No findings of significance were identified.

1R20 Refueling and Outage Activities

a. Inspection Scope

The inspectors reviewed plant conditions and observed selected refueling outage activities associated with the Unit 2 Eleventh Refueling Outage to verify that the licensee maintained the plant in a configuration consistent with the requirements of Technical Specifications and with the assumptions of the outage risk assessment. For this inspection, the inspectors reviewed the following activities as they related to entering conditions necessary for performing the steam generator replacement. Coverage of the full scope of Inspection Procedure 71111.20 is documented in Inspection Report 05000529/2003005. The inspectors observed portions of the following activities:

  • Monitoring of reactor shutdown and plant cooldown activities
  • Reduced inventory and midloop conditions
  • Refueling activities
  • Clearance activities
  • Monitoring of heatup and startup activities

1R22 Surveillance Testing

a. Inspection Scope

The inspectors evaluated the adequacy of periodic testing of the following important nuclear plant equipment. This review included aspects such as preconditioning, the adequacy of acceptance criteria, test frequency, procedure adherence, record keeping, the restoration of standby equipment, the effectiveness of the licensees problem identification and resolution program, and test equipment accuracy, range, and calibration. The inspectors reviewed the following tests, which were performed after completing substantial replacement of reactor coolant system pressure boundary components:

Revision 0

  • December 17, 2003, Procedure 72PY-9RX04, "Low Power Physics Test Using RMAS," Revision 5

b. Findings

No findings of significance were identified.

1R23 Temporary Plant Modifications

a. Inspection Scope

The inspectors reviewed the following four temporary modifications with respect to design bases, approvals, and tracking. The inspectors reviewed the associated 10 CFR 50.59 screening, updated procedures, and drawings. The inspectors also walked down the temporary modification.

  • 221244, "Containment Structural Modifications," Revision 0
  • 221896, "Temporary Structures and Equipment Inside Containment," Revision 0
  • 2414057, "Steam Generator Wall Removal & Restoration and Reactor Cavity Wall," Revision 0

b. Findings

No findings of significance were identified.

RADIATION SAFETY

Cornerstone: Occupational Radiation Safety

2OS1 Access Control to Radiologically Significant Areas (50001, 71121.01)

a. Inspection Scope

The inspector reviewed work activities involving radiological controls for airborne radioactivity areas, radiation areas, and high radiation areas for the Unit 2 steam generator replacement work. The following items were reviewed and compared with regulatory requirements:

  • Area postings and other access controls for steam generator work activities
  • Audits and self-assessments involving high radiation area controls and staff performance (Nuclear Assurance Evaluation Reports ER 02-0146 and ER 02-0151)
  • Steam generator radiation exposure permits and associated radiological surveys that involved potential airborne radioactivity areas and high radiation areas (Radiation Exposure Permits: 2-6006A, SGRP Primary Side (RCS) Work; 2-6009A, SGRP Decon Activities; and 2-6010A, SGRP Pipe End Decon)
  • Contamination control activities

b. Findings

No findings of significance were identified.

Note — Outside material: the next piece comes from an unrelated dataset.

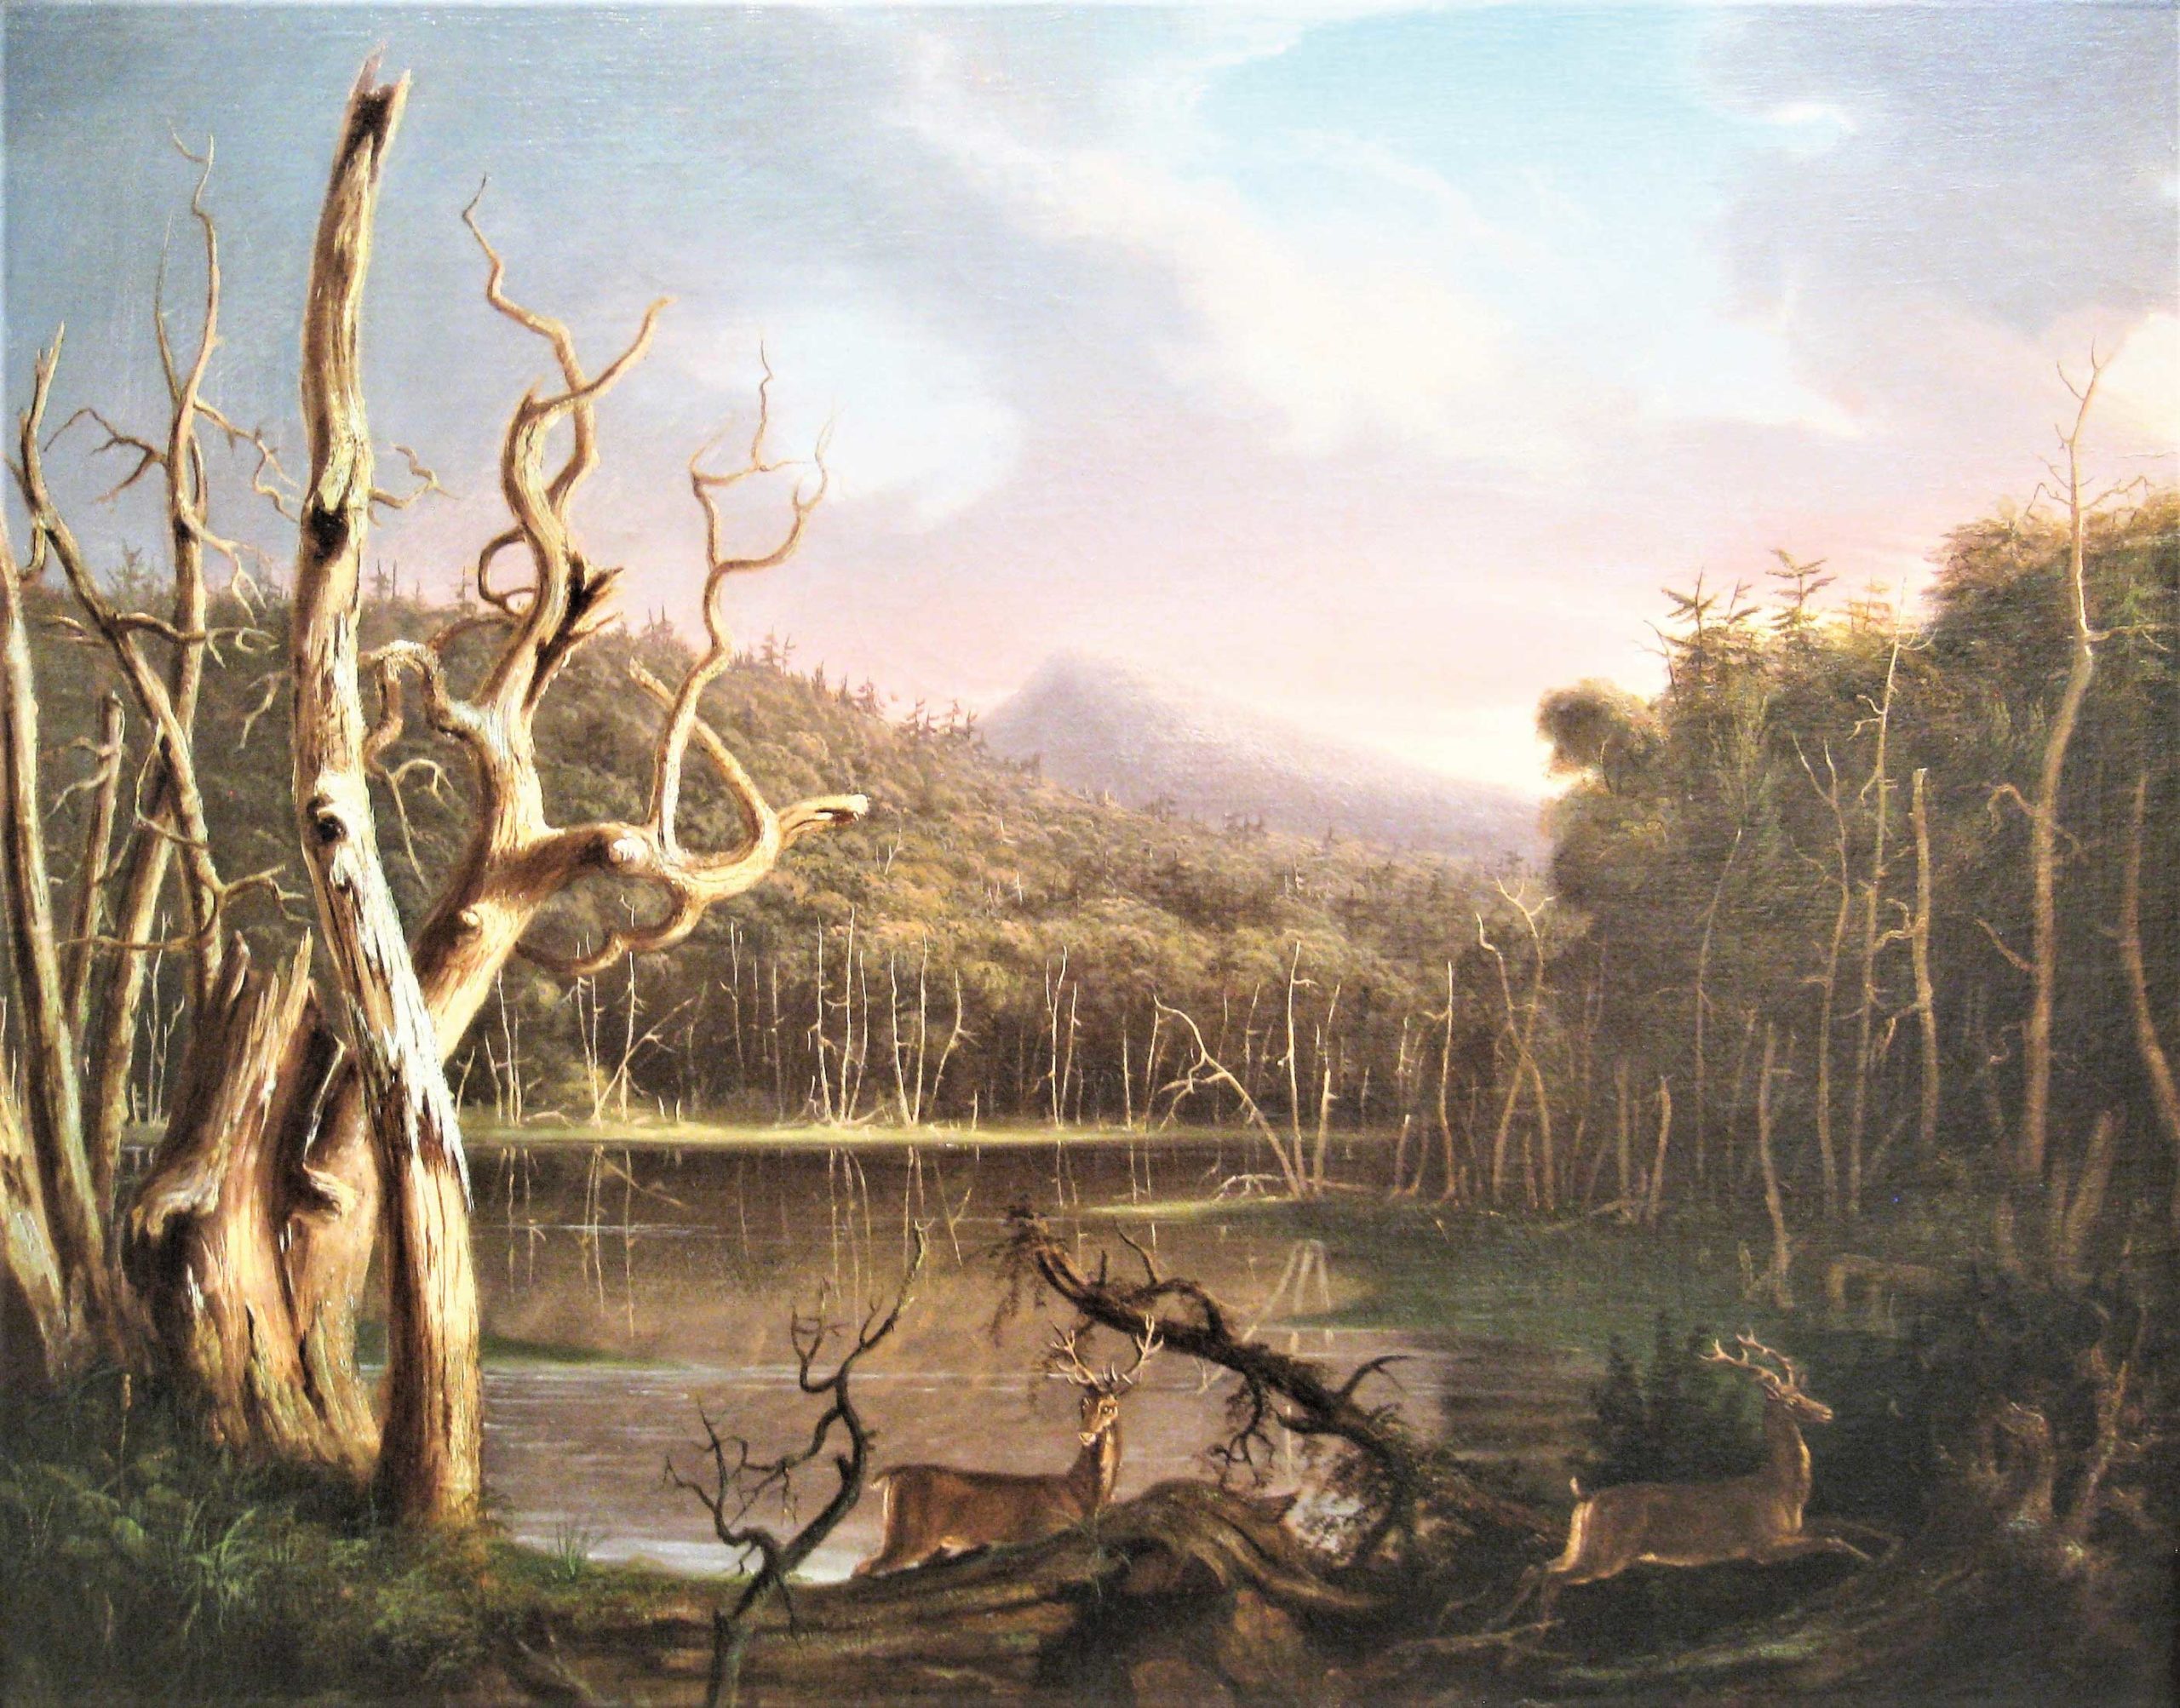 Lake with Dead Trees

2OS2 ALARA Planning and Controls (71121.02)

a. Inspection Scope

The inspector reviewed work activities involving radiological controls for airborne radioactivity areas, radiation areas, and high radiation areas. The inspector interviewed radiation protection staff members and other radiation workers to determine the level of planning, communication, ALARA practices, and supervisory oversight integrated into work planning and work activities for the Unit 2 steam generator replacement work. In addition, the following items were reviewed and compared with procedural and regulatory requirements:

  • Two ALARA prejob, in progress, and postjob reviews and associated radiation exposure permit packages from Refueling Outage 2R11 steam generator replacement activities which resulted in some of the highest personnel collective exposures
  • ALARA work activities evaluations, exposure estimates, and exposure mitigation requirements
  • Work activity intended dose against actual dose received and the reasons for any inconsistencies
  • Method for adjusting exposure estimates, or replanning work, when unexpected changes in job scope or emergent work were encountered
  • Use of engineering controls to achieve dose reductions and the benefits afforded by using shielding The inspector completed five supplemental inspection requirements.

b. Findings

No findings of significance were identified.

OTHER ACTIVITIES (OA)

4OA2 Identification and Resolution of Problems

1. Welding and NDE Inspection (71111.08)

a. Inspection Scope

The inspectors reviewed inservice inspection-related condition reports issued during the past year and verified that the licensee identified, evaluated, corrected, and trended problems. In this effort, the inspectors evaluated the effectiveness of the licensees corrective action process, including the adequacy of the technical resolutions.

The inspectors reviewed the corrective action documents issued during the current outage and reviewed in detail a sample of four condition reports on the steam generator welding and nondestructive testing activities. The inspectors verified that the licensee identified, evaluated, corrected, and trended in accordance with the program requirements in place at the Palo Verde Nuclear Generating Station.

b. Findings

No findings of significance were identified.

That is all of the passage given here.